2016 will be an exciting year for the ICON mission. This year will see the assembly and test of the complete scientific payload (the collection of instruments and telescopes ICON will carry), the completion of the spacecraft (the main body of the satellite), and when these come together, the assembly and test of the full ICON observatory.

Over the next two months, all of the ICON instruments, the Instrument Control Package (ICP), and other key components will be delivered to the Space Dynamics Laboratory (SDL) in Utah for integration into the payload. Once integrated into a single payload package, it will undergo specialized vibration and vacuum tests to simulate the conditions of launch and operations on orbit.

Once the payload performance has been confirmed, the payload package will be delivered to Orbital ATK in Virginia, who are building the main body of the spacecraft, called the “bus”. Delivery is planned for mid-year, which will give Orbital ATK ample opportunity to test the entire observatory and prepare it for integration with the Pegasus launch vehicle in Spring of 2017.

Meanwhile, the science team will be busy completing the software needed to download and manipulate the data taken by ICON’s instruments to prepare the data pipeline for receipt of real (rather than simulated) data soon after launch in June of 2017.

Follow the mission’s progress at http://icon.ssl.berkeley.edu/News/Blog or on twitter @NASASunEarth

While the IVM enjoys many years of heritage, the ICON IVM has improvements and modifications that will produce measurements of the plasma drift with unprecedented sensitivity to achieve the ICON science goals. 

The second IVM (IVM-B) fabrication is following closely behind IVM-A and is in the final phases of test and assembly. IVM-B faces in the aft direction on the spacecraft during normal operations, when the remote sensing optical instruments view the northern hemisphere. However, it will be activated during operations when the spacecraft is rotated to allow the optical instruments to view the southern hemisphere.

The preliminary alignment for the Far Ultraviolet Spectrograph (FUV) instrument using visible wavelength light has been completed at Lockheed Martin. The next phase of testing will see the instrument ship to Belgium to complete the alignment in the FUV in a specialized vacuum chamber.

The FUV ICON instrument has an articulating field of view. In order to accommodate this, special machinery is required to rotate the instrument during alignment, testing and calibration while inside the vacuum chamber. Centre Spatial de Liege (CSL) in Belgium will provide this unique ultraviolet vacuum facility.

The design for the FUV instrument is such that the optical system can be focused using visible light and a visible grating, as well as FUV light and grating. This is preferable, since alignment using UV must be performed in a vacuum chamber, which makes it more challenging to conduct the alignment.

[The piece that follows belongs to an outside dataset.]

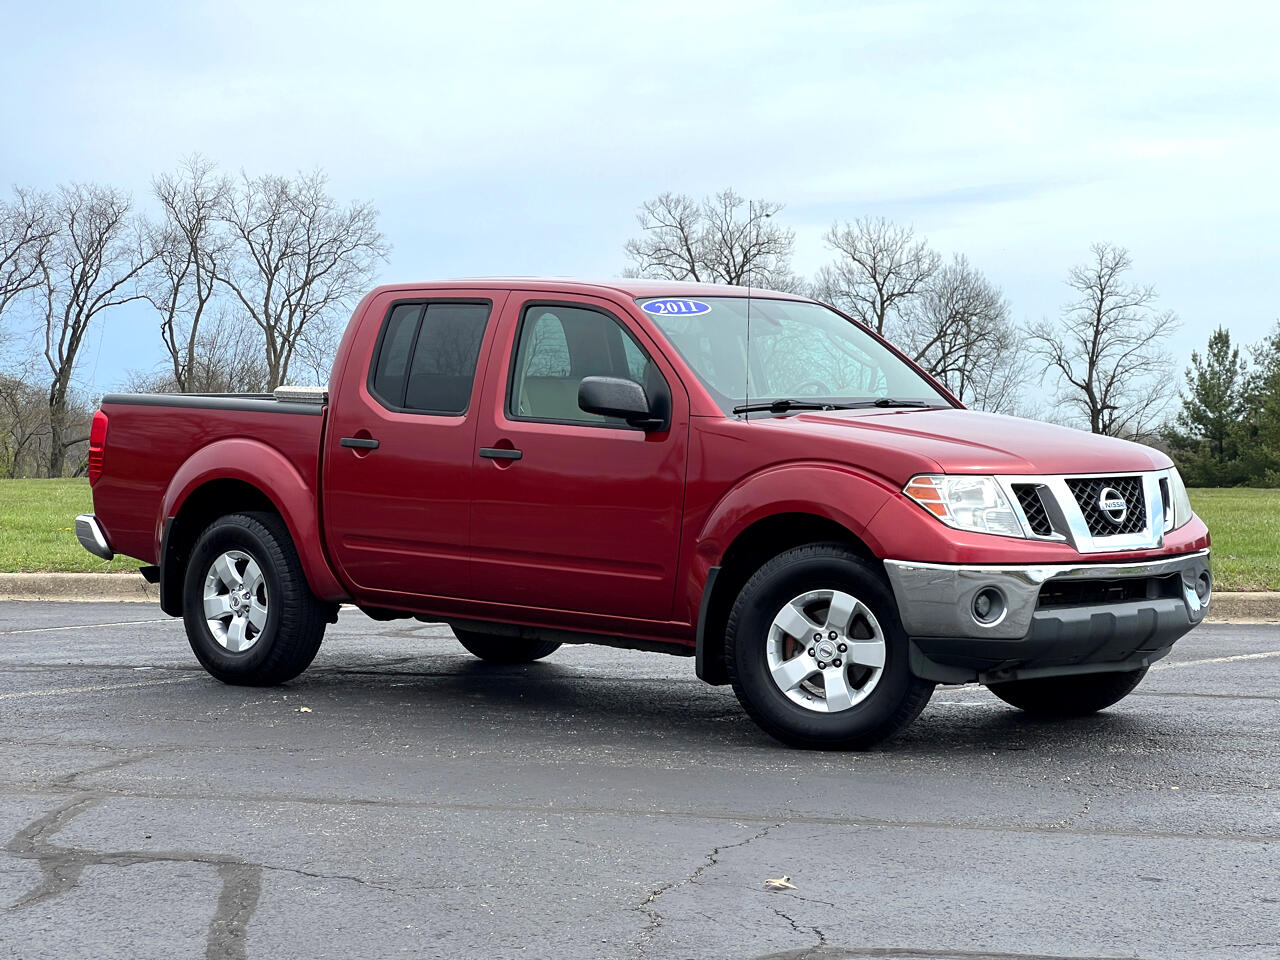 2011 Nissan Frontier 4WD Crew Cab SWB Manual SV
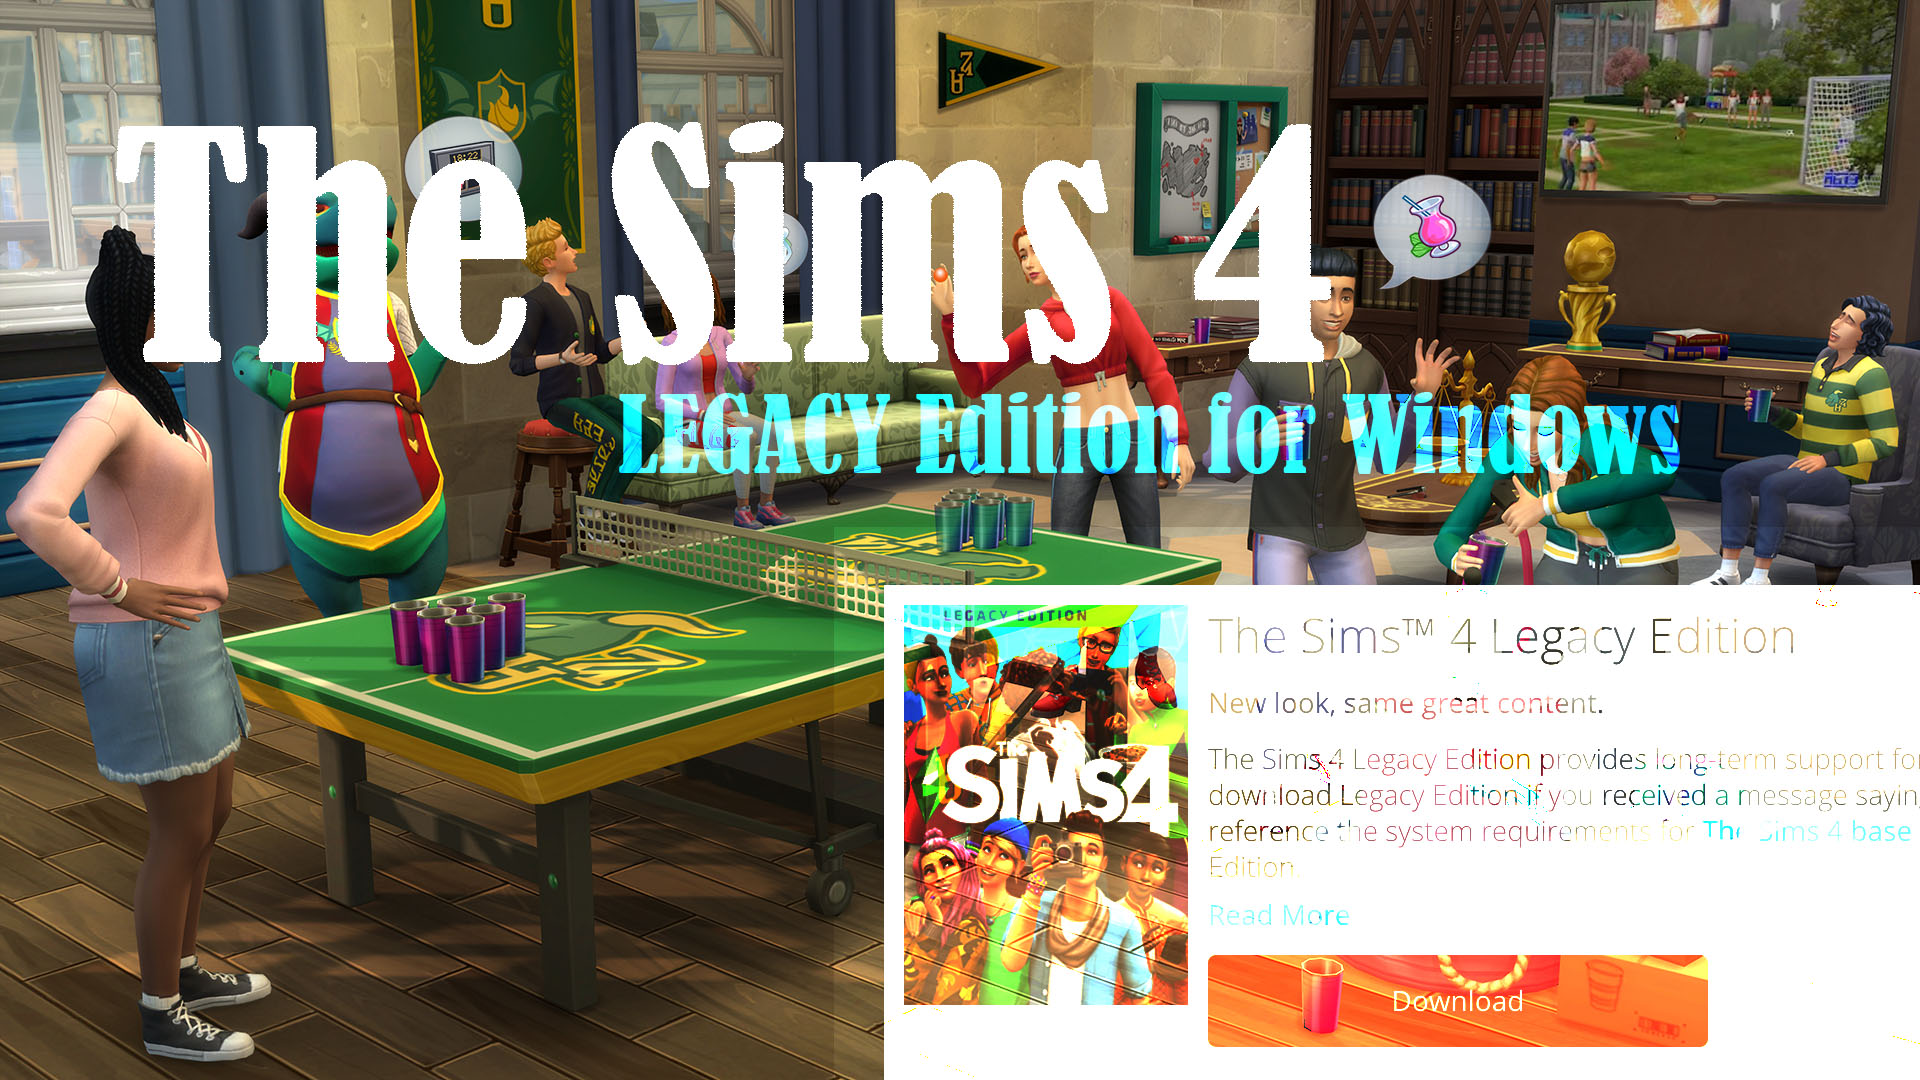 How To Fix The Sims 4 Legacy Edition Issues In Windows The Droid Guy

Over the past four weeks, the SSL team has been traveling to Lockheed Martin where the instruments’ mirrors were carefully adjusted to achieve best focus and optimum spectral performance at visible wavelengths. The visible wavelengths chosen were suitably scaled to simulate performance at the FUV operating wavelength.

The next phase of testing will see the optics package ship to Centre Spatial de Liege (CSL) in Belgium. After verifying the visible alignments were maintained, and no shifts happened during transport, the UV grating and the two UV cameras will be installed and UV alignment will begin.

ICON’s Michelson Interferometer for Global High-resolution Thermospheric Imaging (MIGHTI) instrument includes two identical optical assemblies, one for each of the perpendicular fields of view that will observe thermospheric wind-vector and temperature profiles. An engineering unit of the optical assembly was completed and successfully vibration tested in June 2015 at the Naval Research Laboratory.

ICON's Extreme Ultraviolet (EUV) instrument is an “imaging spectrometer”. Its 2 dimensional detector records spectral information over the range 58.4 to 83.4 nm in the one direction, and records 12 degree wide x 1/4 degree high slices of the sky over a 16 degree field of view in the other direction.

In preparation for alignment of the toroidal grating used in the EUV instrument, an optical system has been setup to simulate the cylindrical wavefront. This simulates the instrument’s view for each slice of sky while in orbit. The optical set up consists of a convex sphere and a concave toroid that produces a line image on the EUV entrance slit to simulate what EUV will observe in space. This optics pair will be used to first align the EUV instrument using visible light, then the final alignment will take place in a vacuum chamber using EUV radiation, since EUV light is not transmitted in air.